(Extracted information)

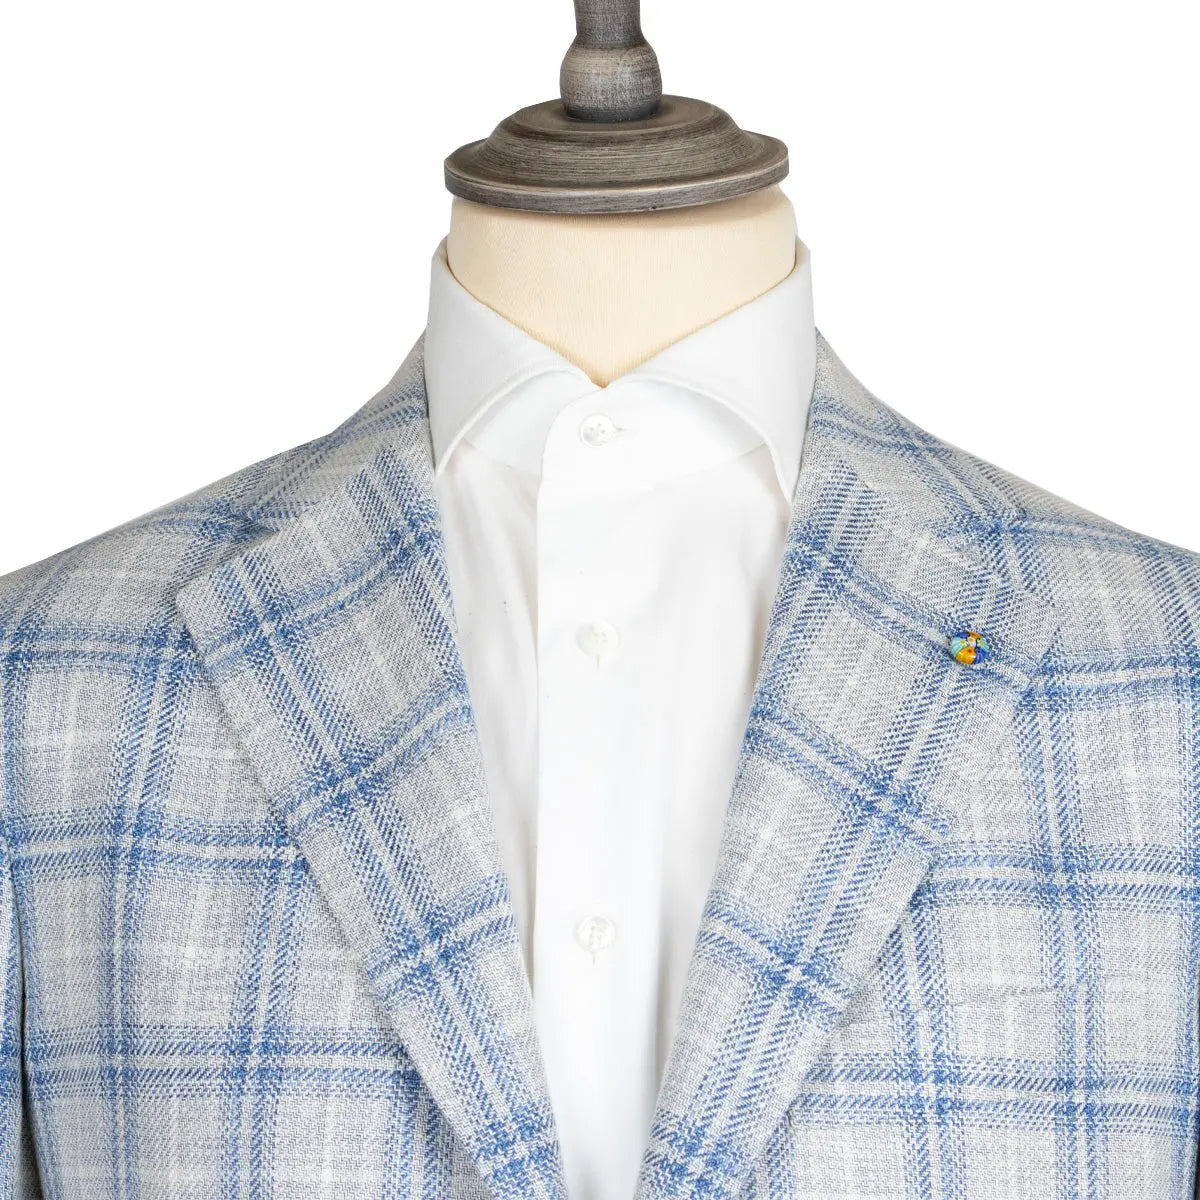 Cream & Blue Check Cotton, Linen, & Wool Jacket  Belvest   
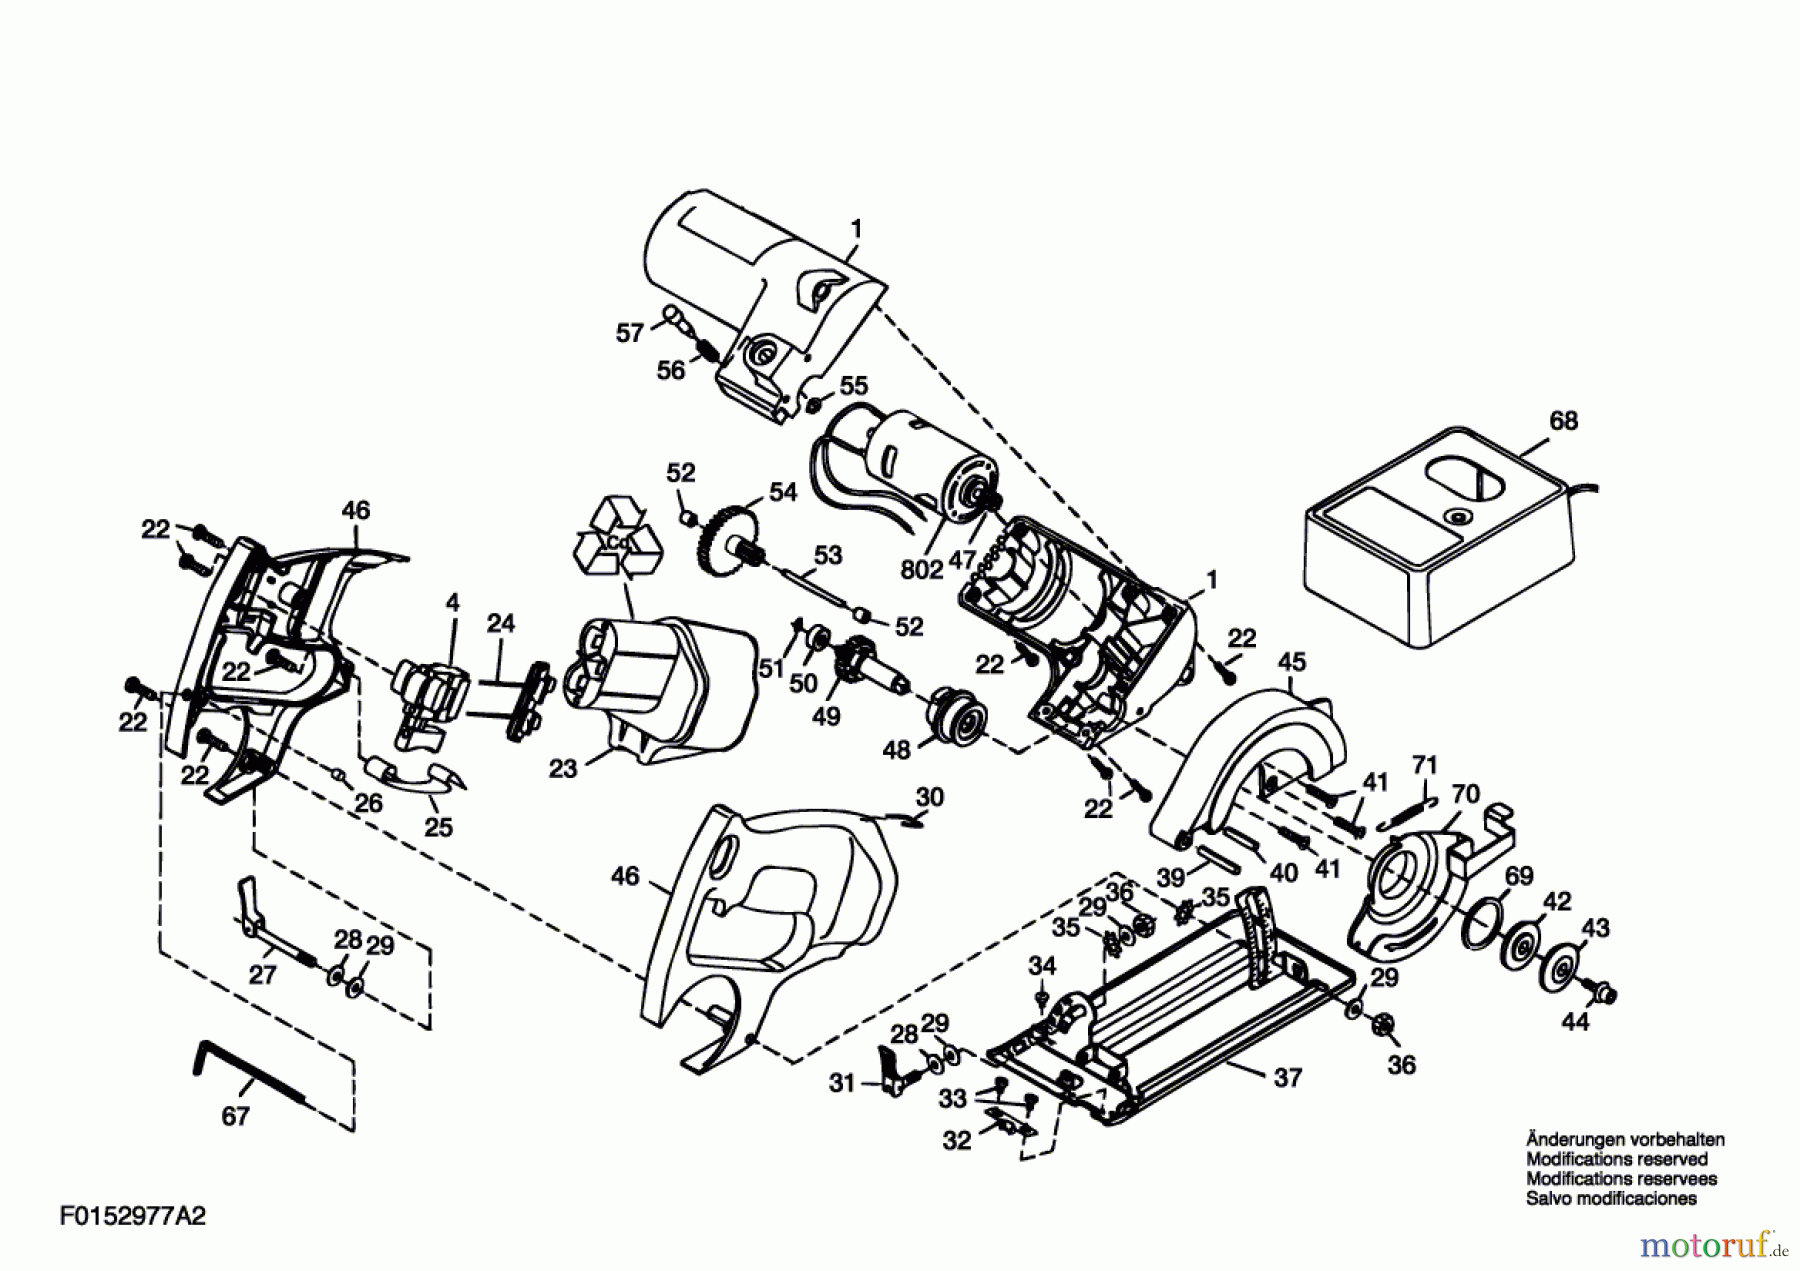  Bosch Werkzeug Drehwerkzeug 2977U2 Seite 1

(End Extracted information)
(Extracted information)

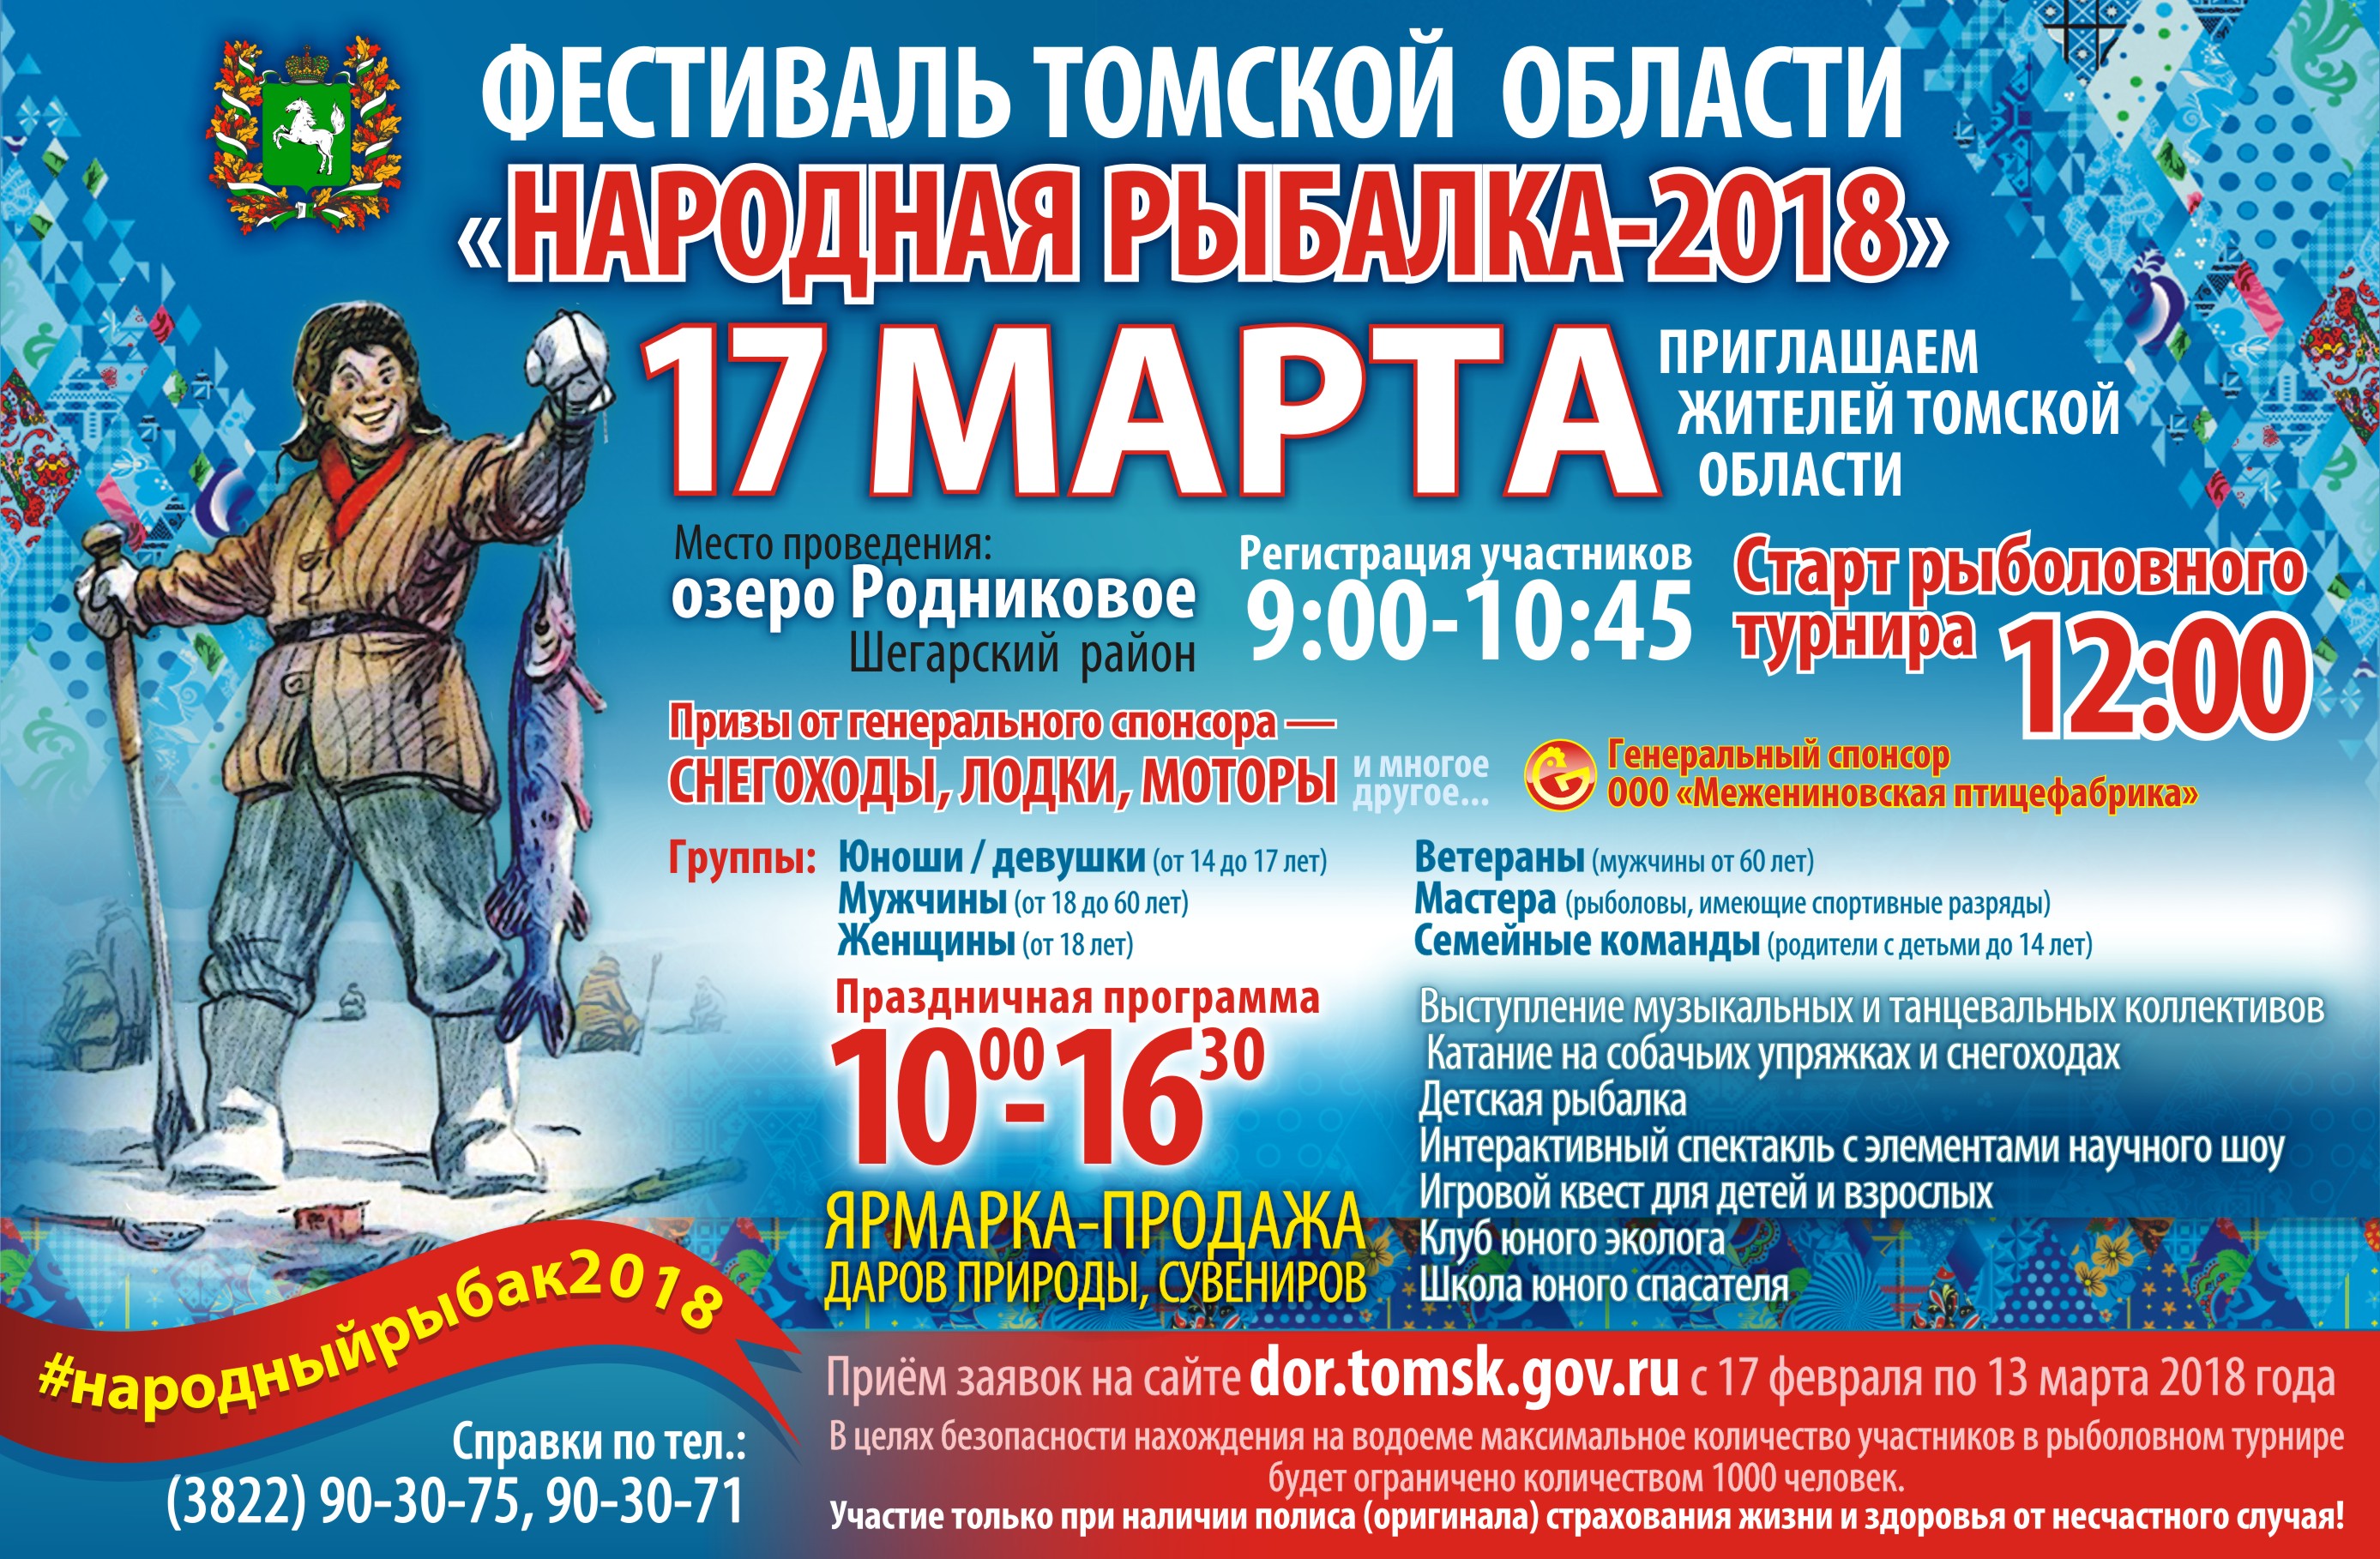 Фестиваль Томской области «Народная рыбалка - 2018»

(End Extracted information)
(Extracted information)

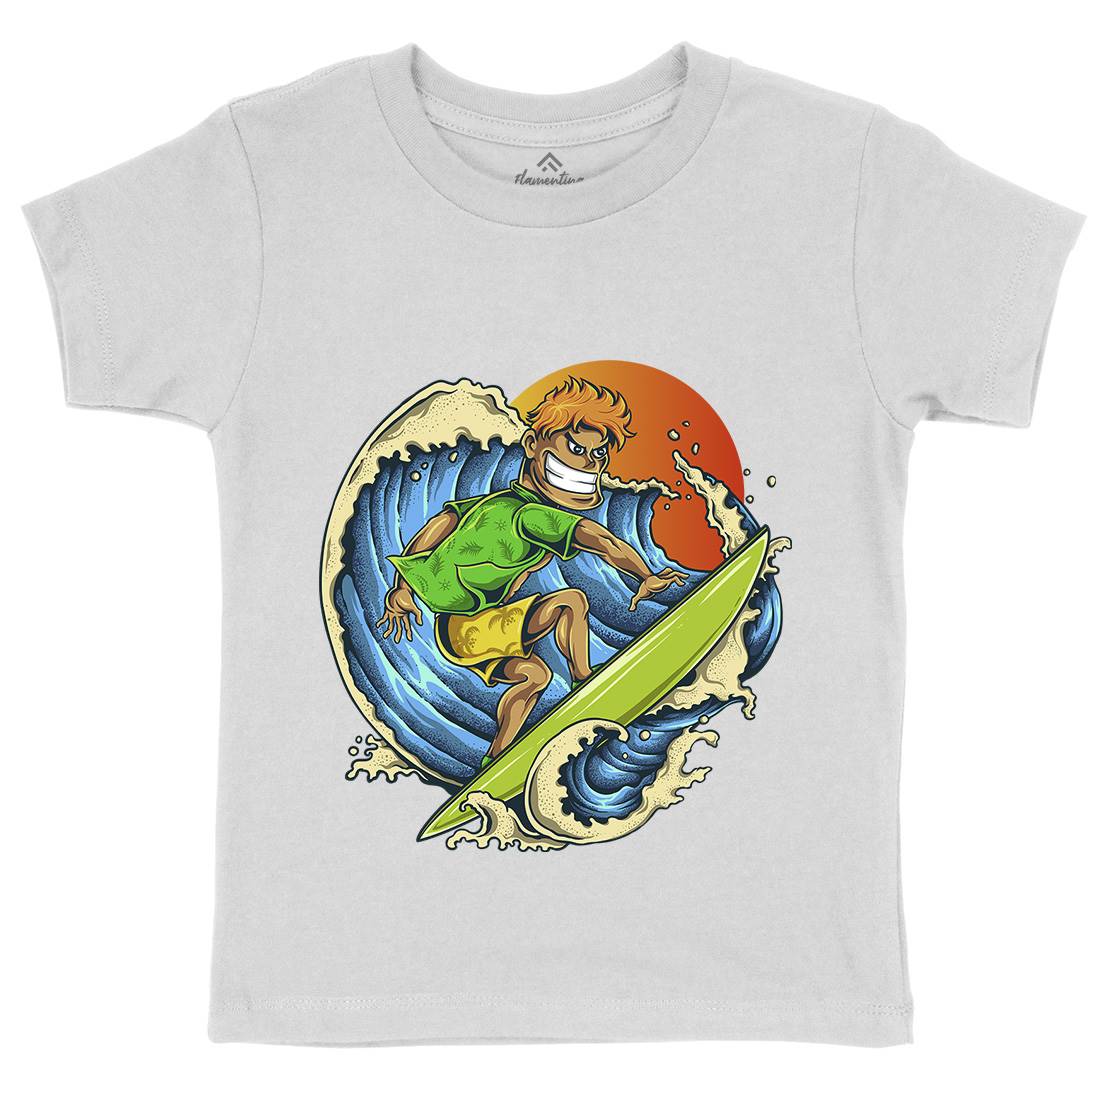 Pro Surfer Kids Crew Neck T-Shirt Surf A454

(End Extracted information)

Would you output the lines above from the line holding "Cream & Blue" up to and including the line holding "Bosch Werkzeug Drehwerkzeug 2977U2 Seite 1", exactly and only those, with no pictures?

 Cream & Blue Check Cotton, Linen, & Wool Jacket  Belvest   
  Bosch Werkzeug Drehwerkzeug 2977U2 Seite 1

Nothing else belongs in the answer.